• Your objective:
Transcribe every line below exactly; no image goes into the output.
(Exercise data Opens)
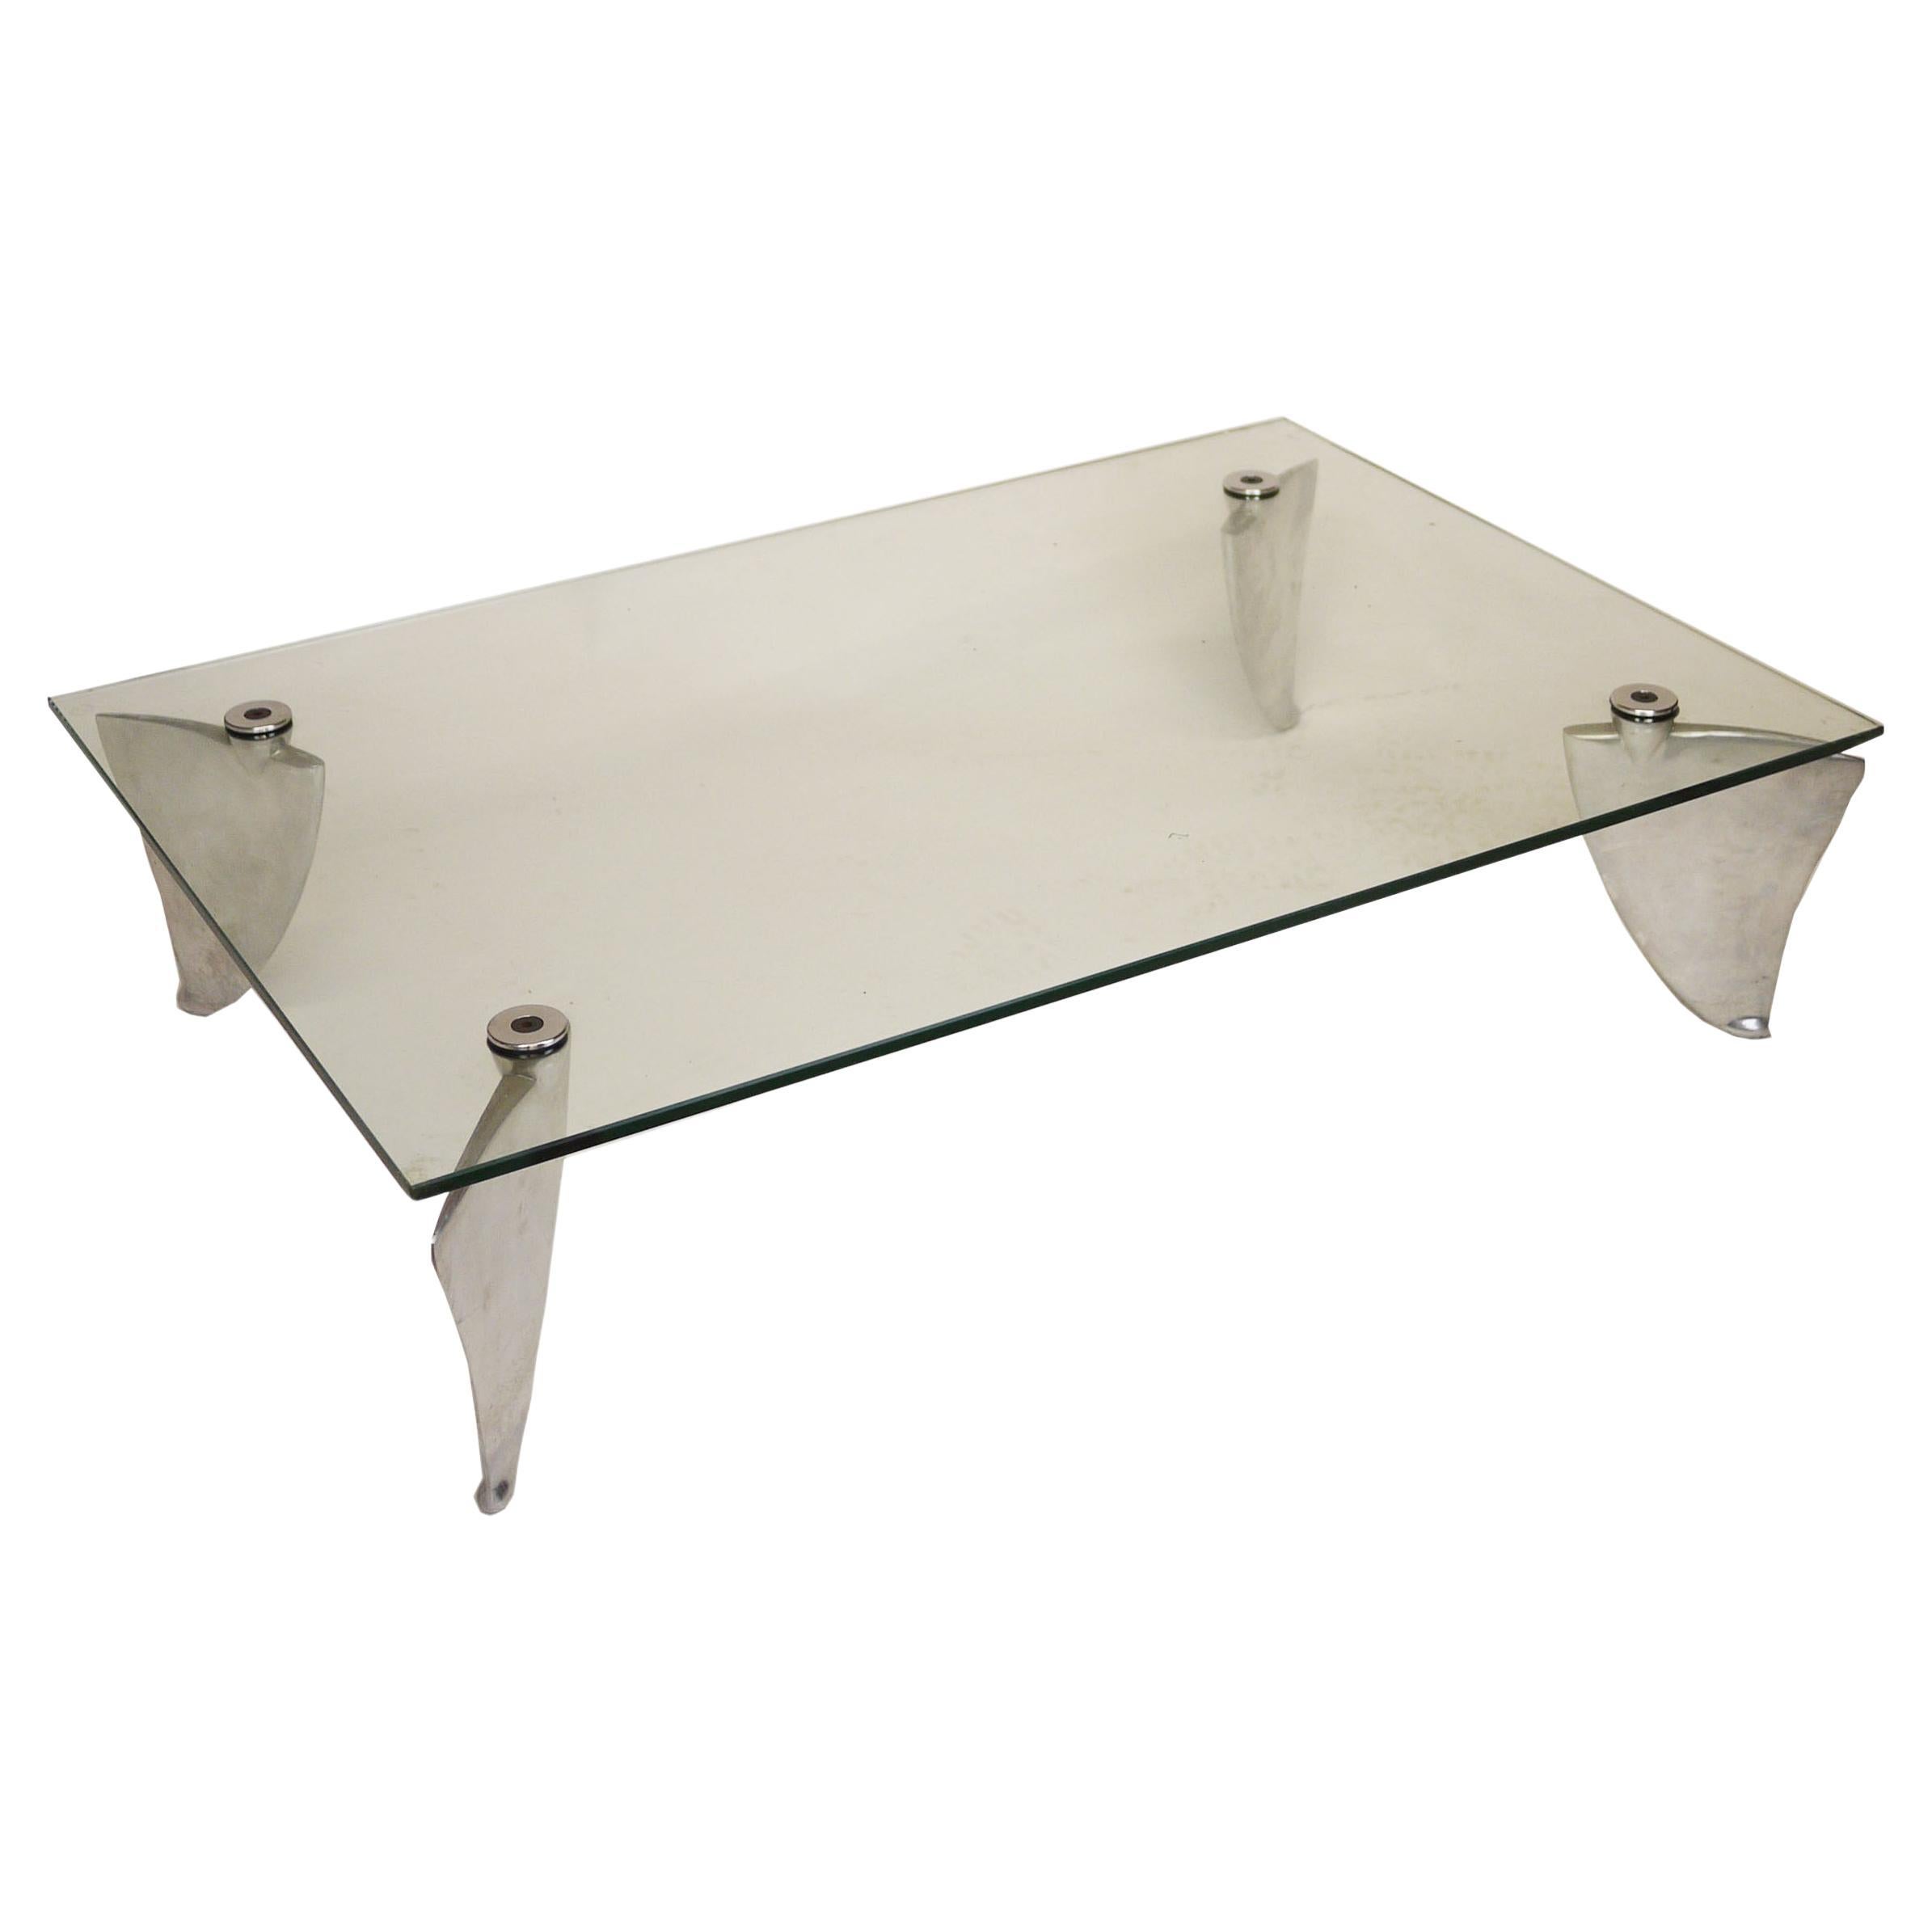 Vintage Glass and Aluminum 'Fipper' Coffee Table by Matthew Hilton for SCP, 1980 For Sale
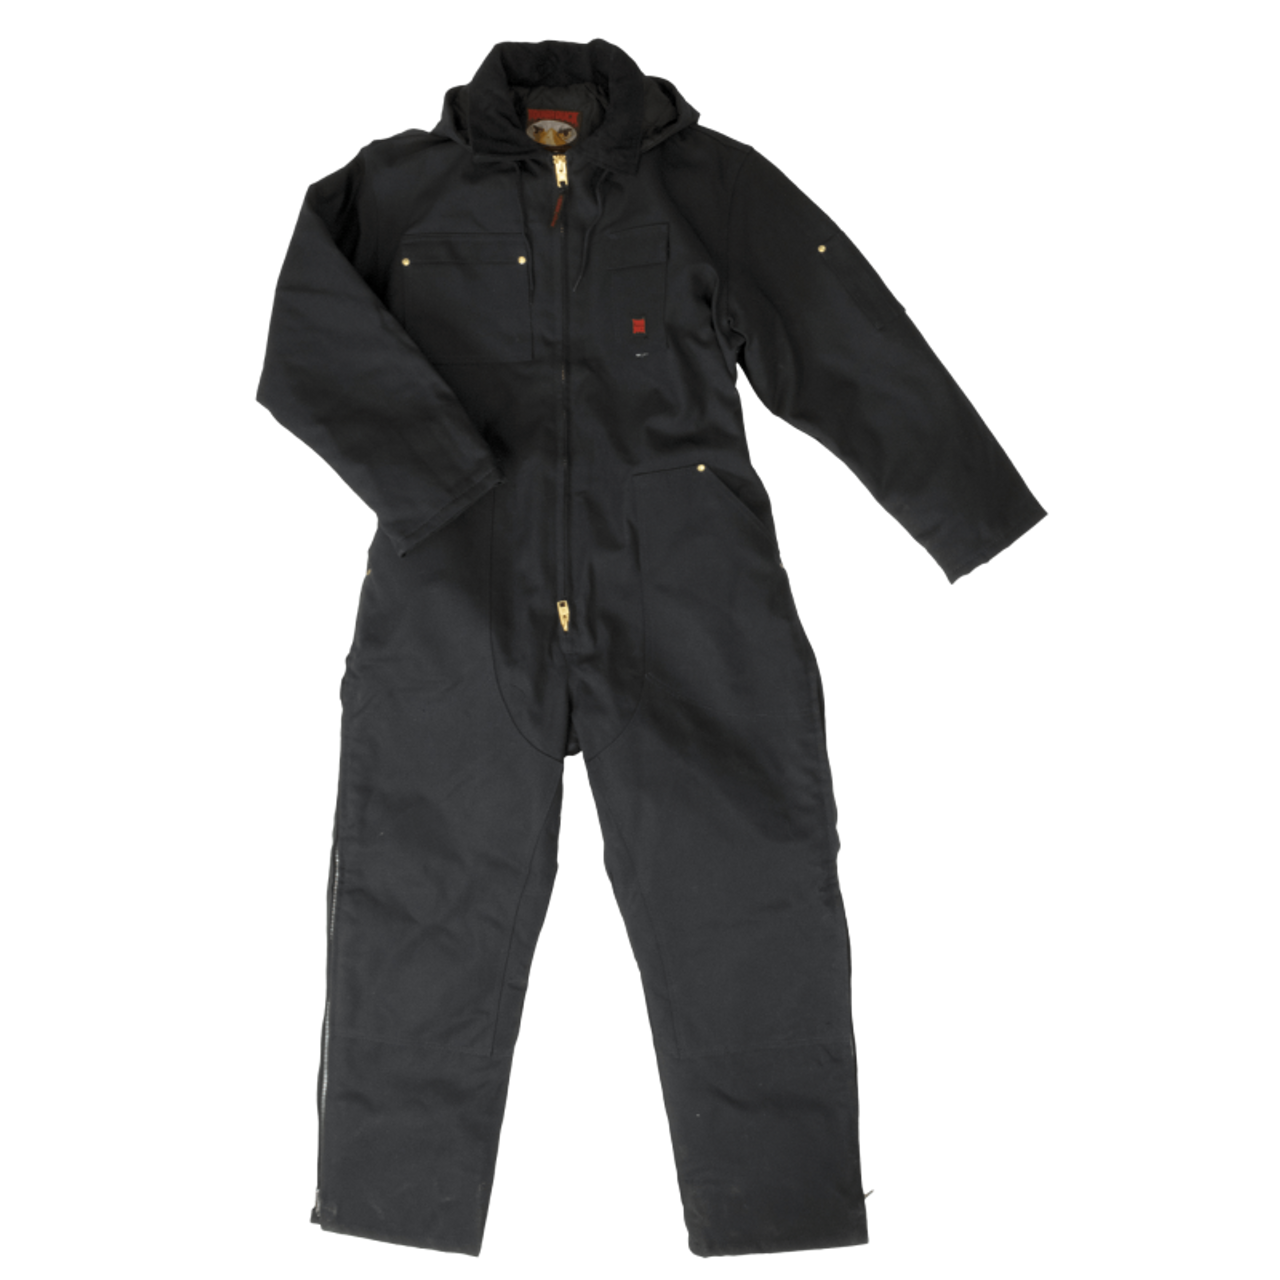 https://cdn11.bigcommerce.com/s-krsbcjf/images/stencil/1280x1280/products/5386/29574/Tough-Duck-Heavyweight-Lined-Coverall__S_1__33309.1641507692.png?c=2
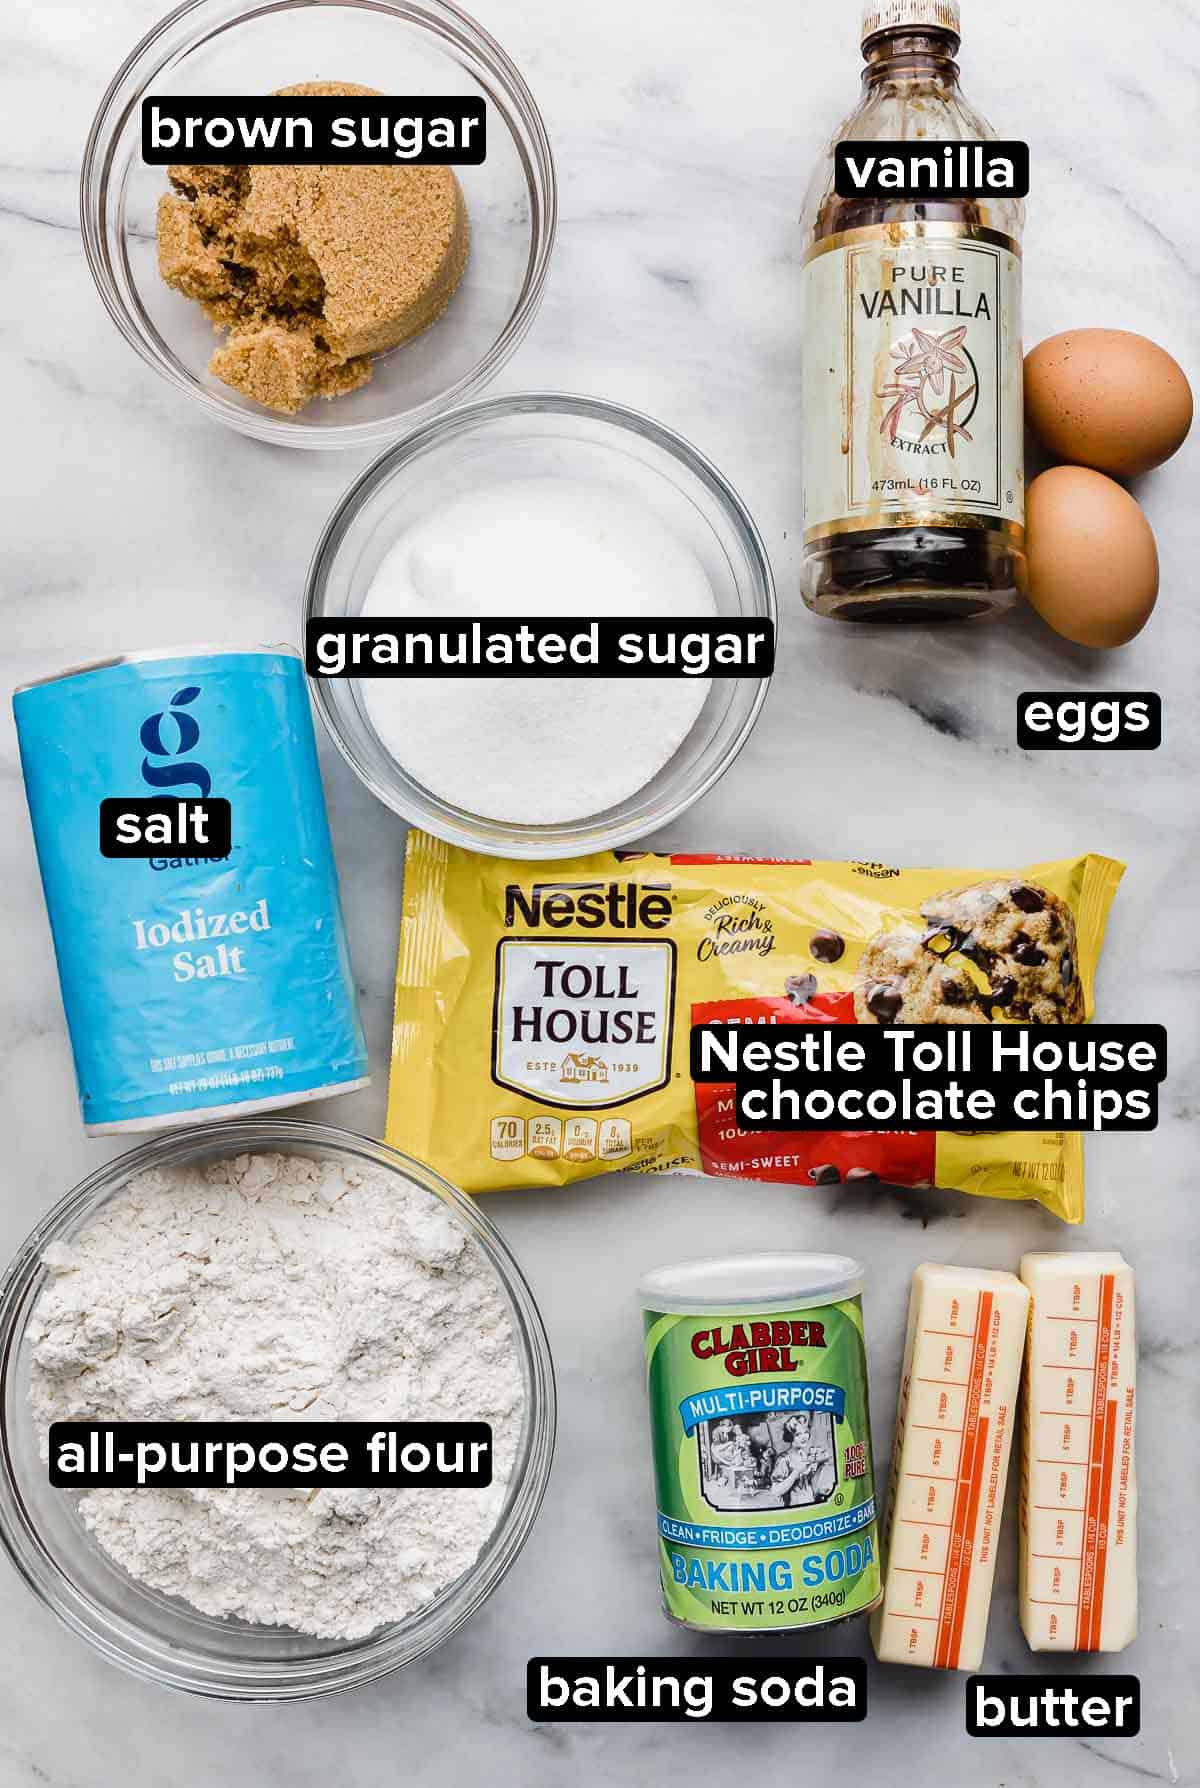 Nestle Toll House Chocolate Chip Cookie recipe ingredients on a white background: salt, flour, butter, baking soda, semi-sweet chocolate chips, sugar, and brown sugar, and eggs.
(Exercise data Closes)
• Your solution:
 Vintage Glass and Aluminum 'Fipper' Coffee Table by Matthew Hilton for SCP, 1980 For Sale
 https://cdn11.bigcommerce.com/s-krsbcjf/images/stencil/1280x1280/products/5386/29574/Tough-Duck-Heavyweight-Lined-Coverall__S_1__33309.1641507692.png?c=2
 Nestle Toll House Chocolate Chip Cookie recipe ingredients on a white background: salt, flour, butter, baking soda, semi-sweet chocolate chips, sugar, and brown sugar, and eggs.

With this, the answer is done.